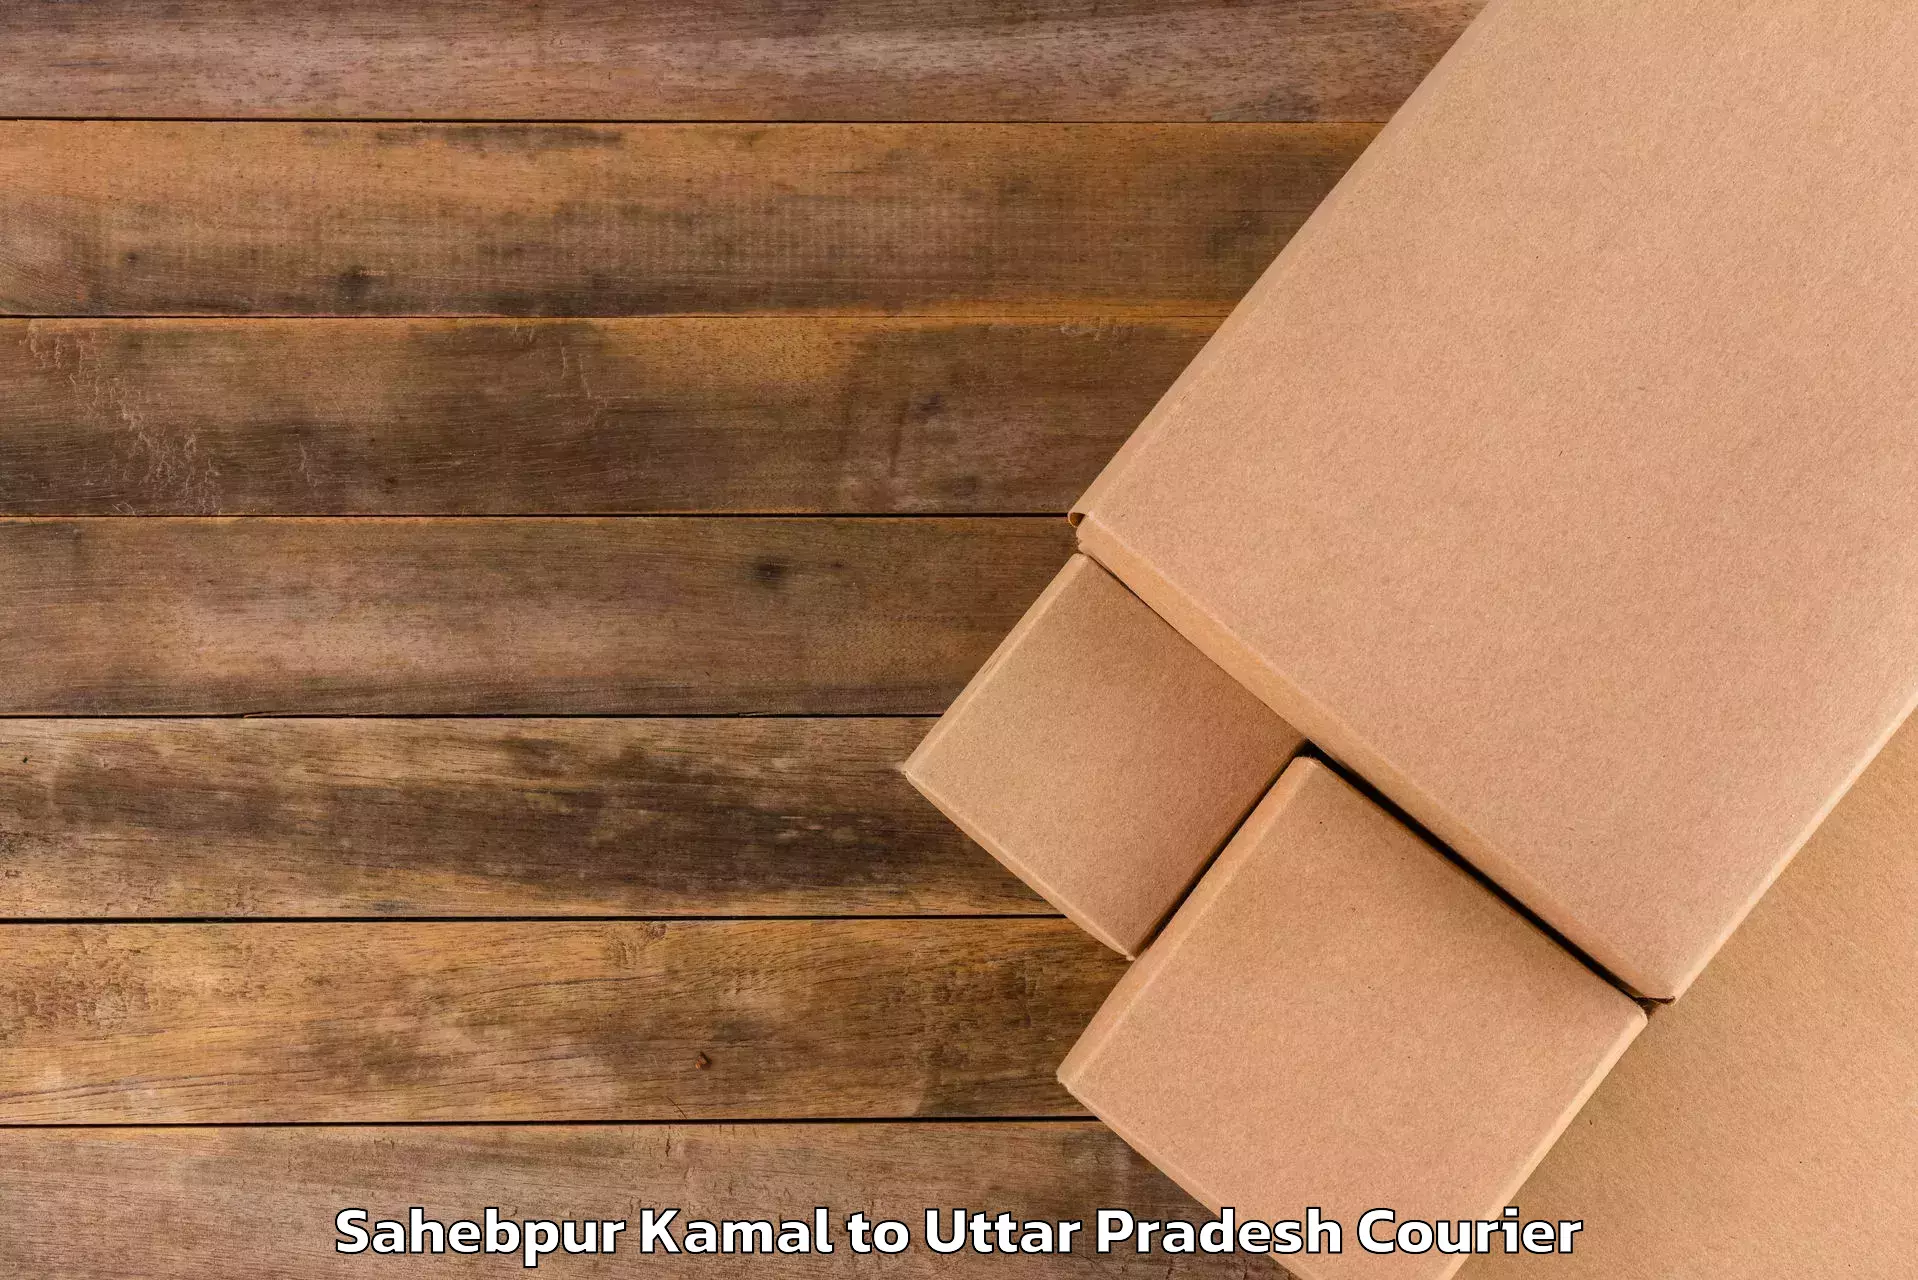 Comprehensive baggage service Sahebpur Kamal to Uttar Pradesh
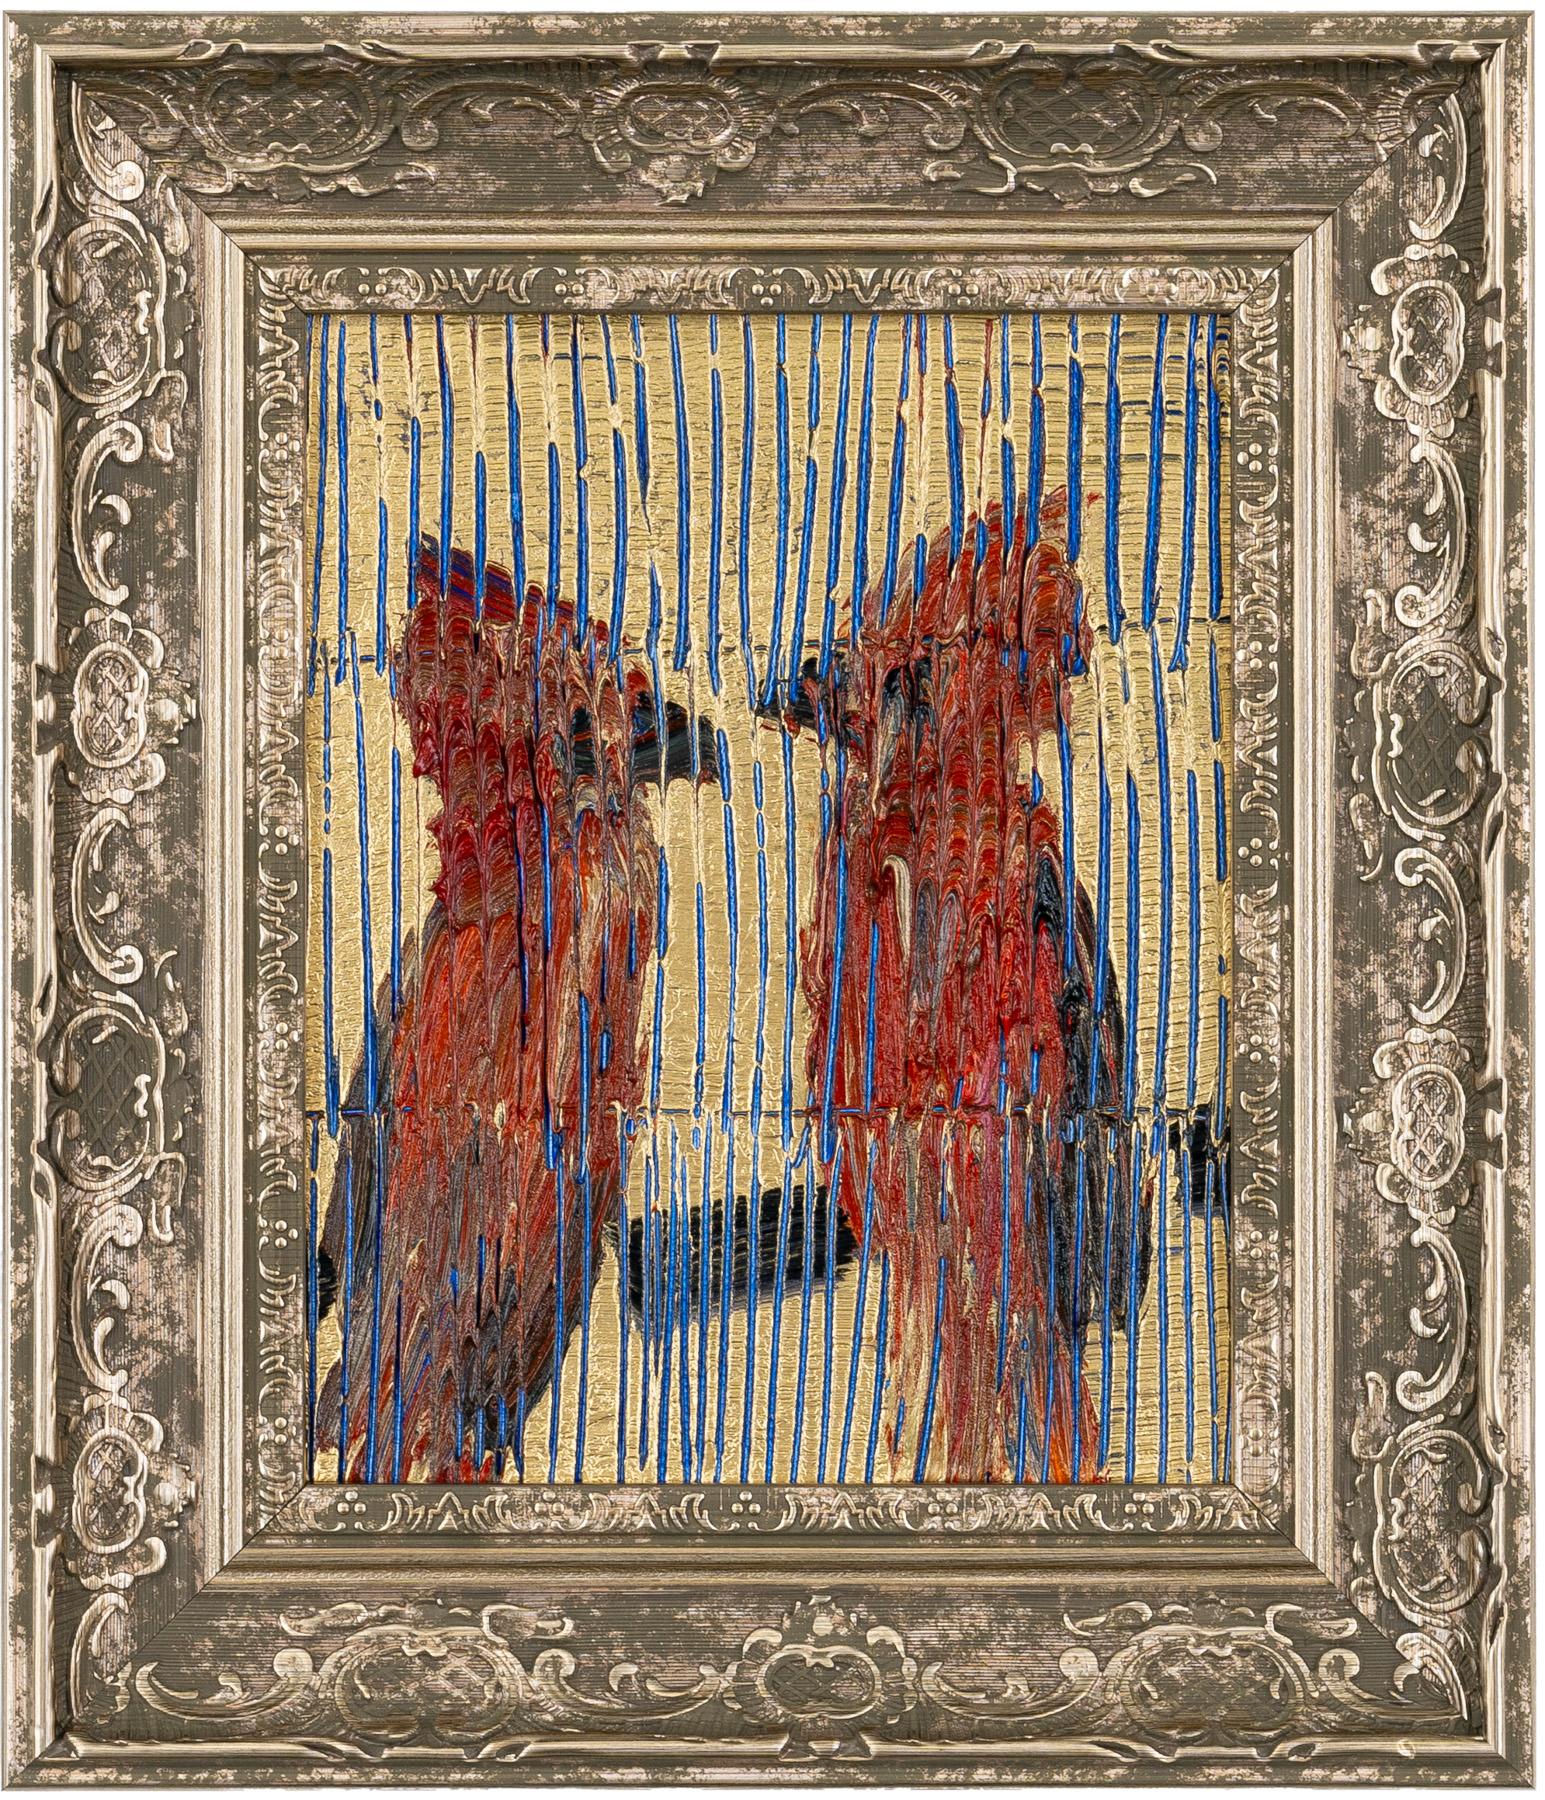 Hunt Slonem „ Cardinals“ Zwei rote Vögel 
Zwei rote Kardinalvögel sitzen auf einem Zweig vor einem goldmetallischen und blau geätzten Hintergrund. Gerahmt in einem antiken Rahmen.

Ungerahmt: 10 x 8 Zoll
Gerahmt: 14,5 x 12,5 Zoll
*Gemälde ist
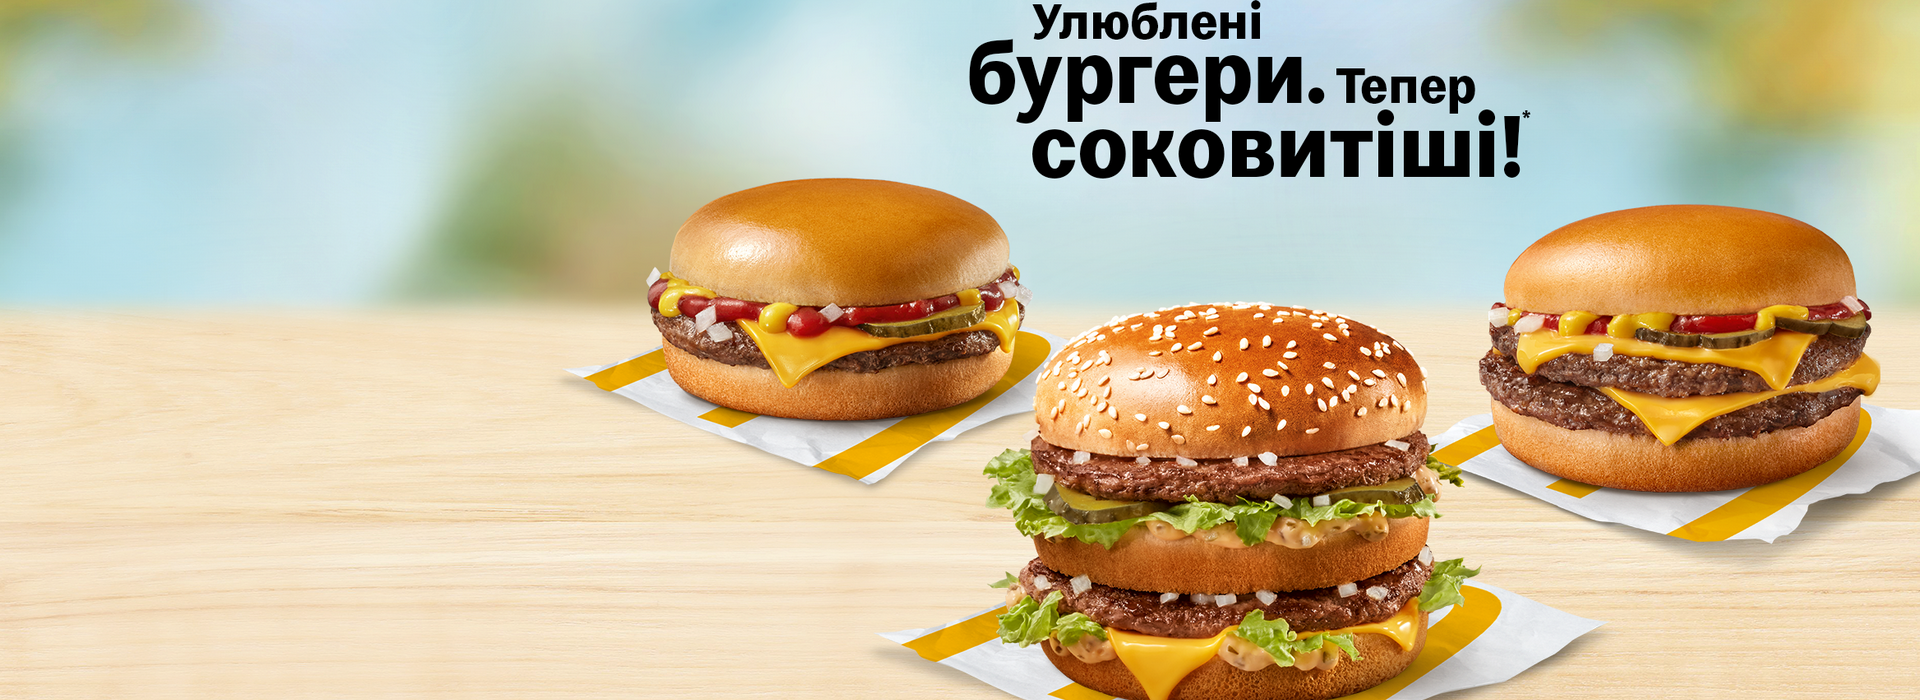 McDonald’s в Україні оновив спосіб приготування бургерів Біг Мак, Чізбургер і Дабл Чізбургер. Багато малих змін запроваджені заради більшої соковитості класичних бургерів і більш яскравого смаку
○ ○ ○ ○
The listing should be transcribed in full, exactly, and without its pictures.

▶ Your response:
 Comprehensive baggage service Sahebpur Kamal to Uttar Pradesh
 Hunt Slonem „ Cardinals“ Zwei rote Vögel 
Zwei rote Kardinalvögel sitzen auf einem Zweig vor einem goldmetallischen und blau geätzten Hintergrund. Gerahmt in einem antiken Rahmen.

Ungerahmt: 10 x 8 Zoll
Gerahmt: 14,5 x 12,5 Zoll
*Gemälde ist
 McDonald’s в Україні оновив спосіб приготування бургерів Біг Мак, Чізбургер і Дабл Чізбургер. Багато малих змін запроваджені заради більшої соковитості класичних бургерів і більш яскравого смаку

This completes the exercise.